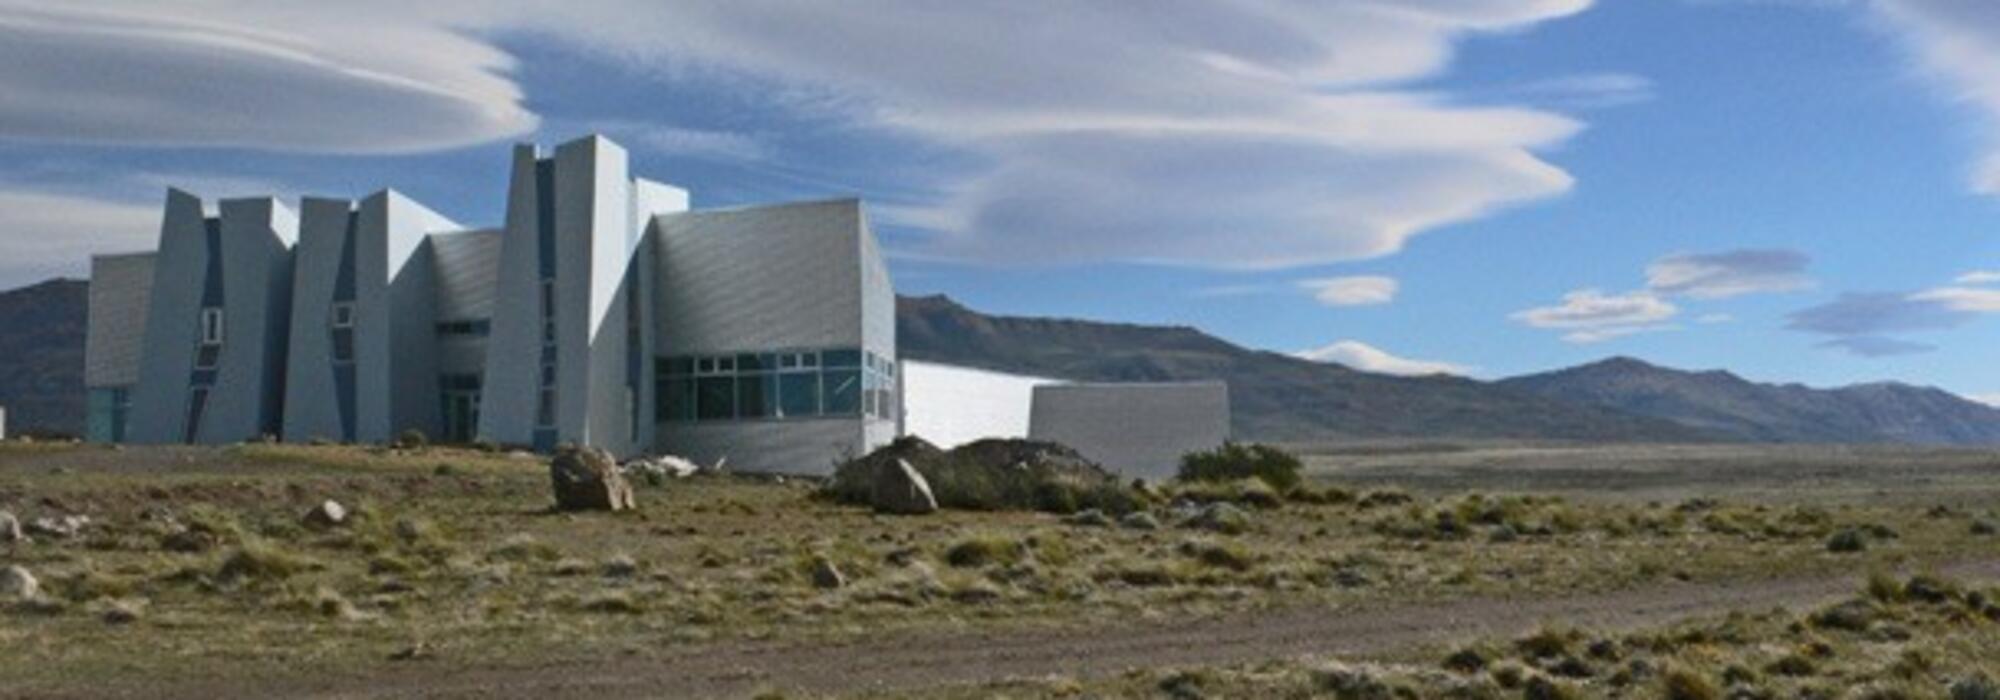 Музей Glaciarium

────────────────

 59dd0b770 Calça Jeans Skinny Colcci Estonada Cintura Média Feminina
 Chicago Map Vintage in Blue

────────────────

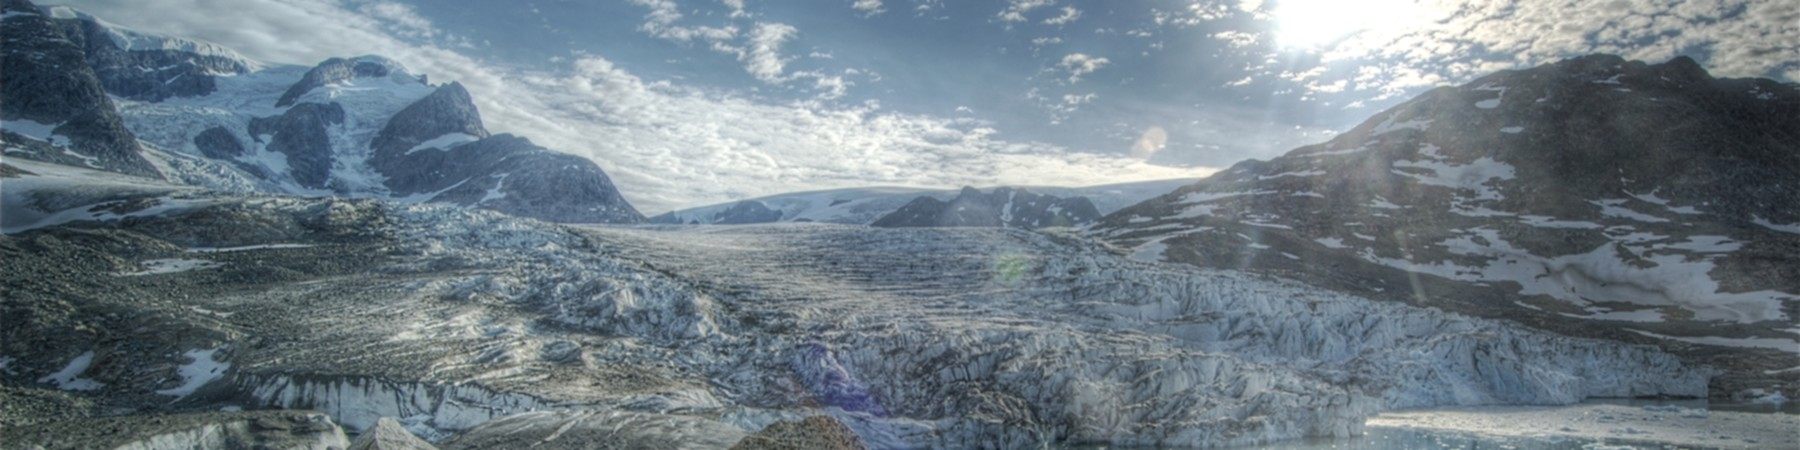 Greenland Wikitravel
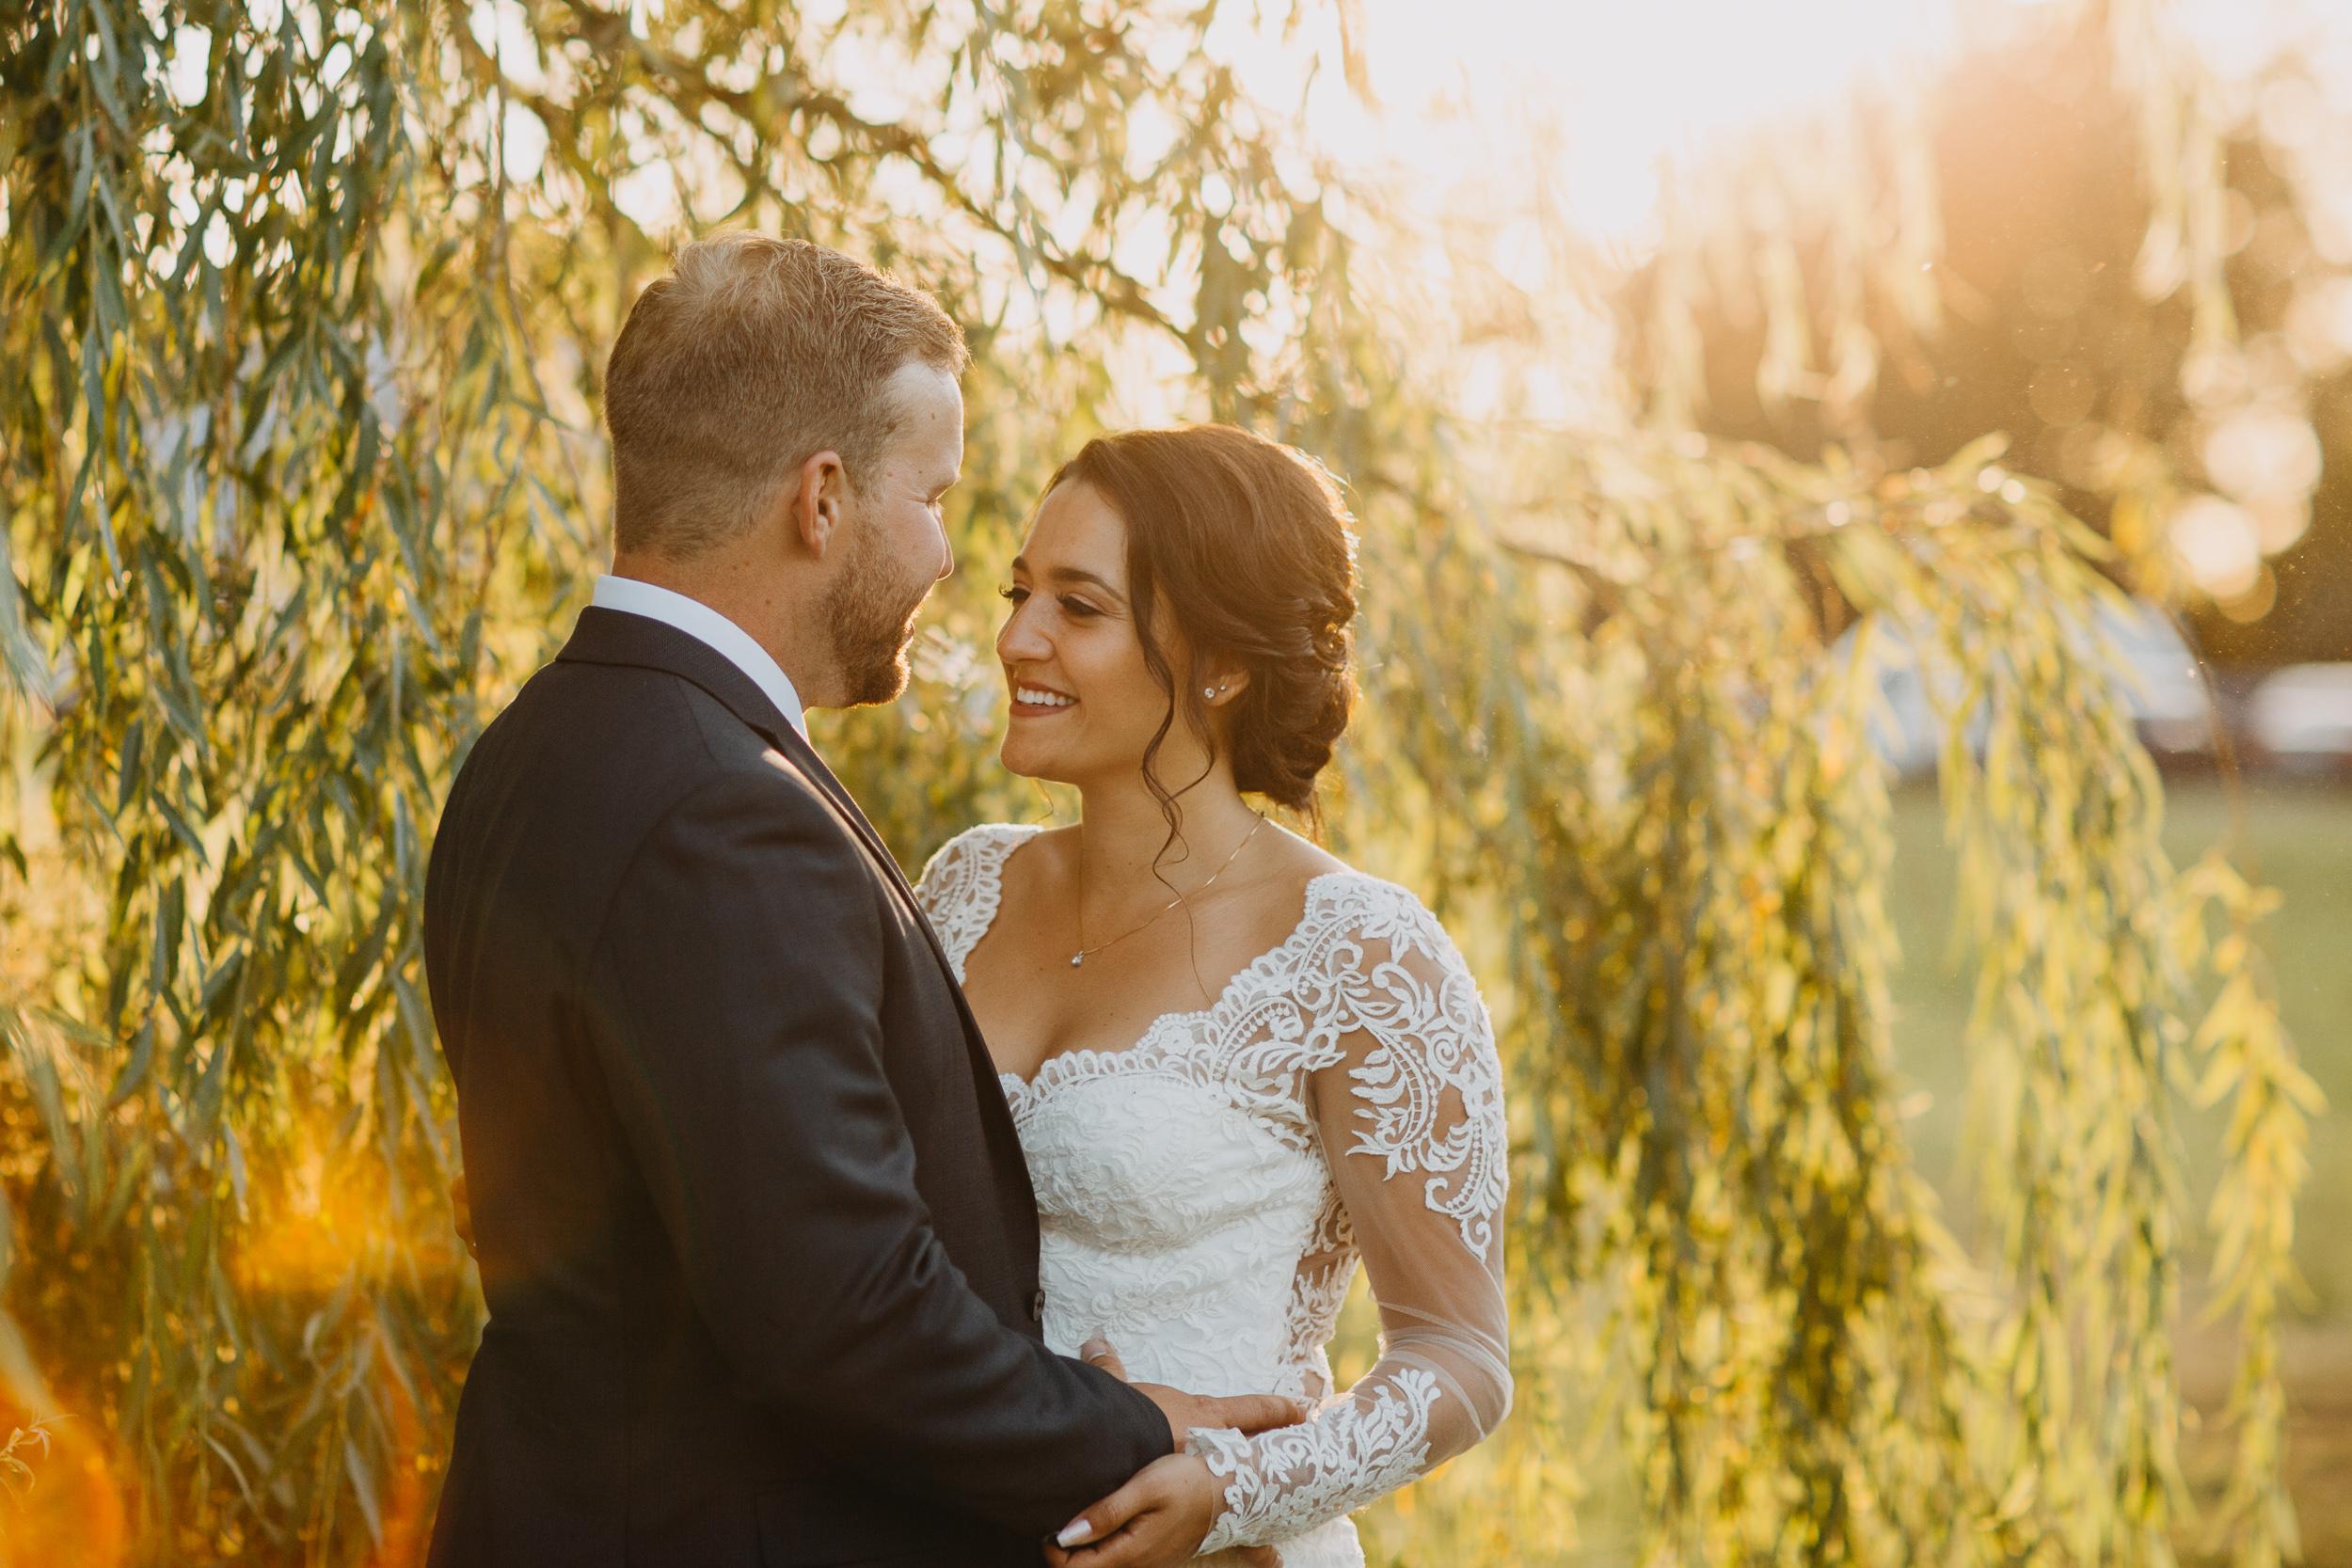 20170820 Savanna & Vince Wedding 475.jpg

────────────────

■ WORK REQUEST: In the listing above, locate the line with "59dd0b770 Calça Jeans" and the line with "Chicago Map Vintage in Blue", then extract exactly those lines and every line between them, and nothing more.

■ RESPONSE:
 59dd0b770 Calça Jeans Skinny Colcci Estonada Cintura Média Feminina
 Chicago Map Vintage in Blue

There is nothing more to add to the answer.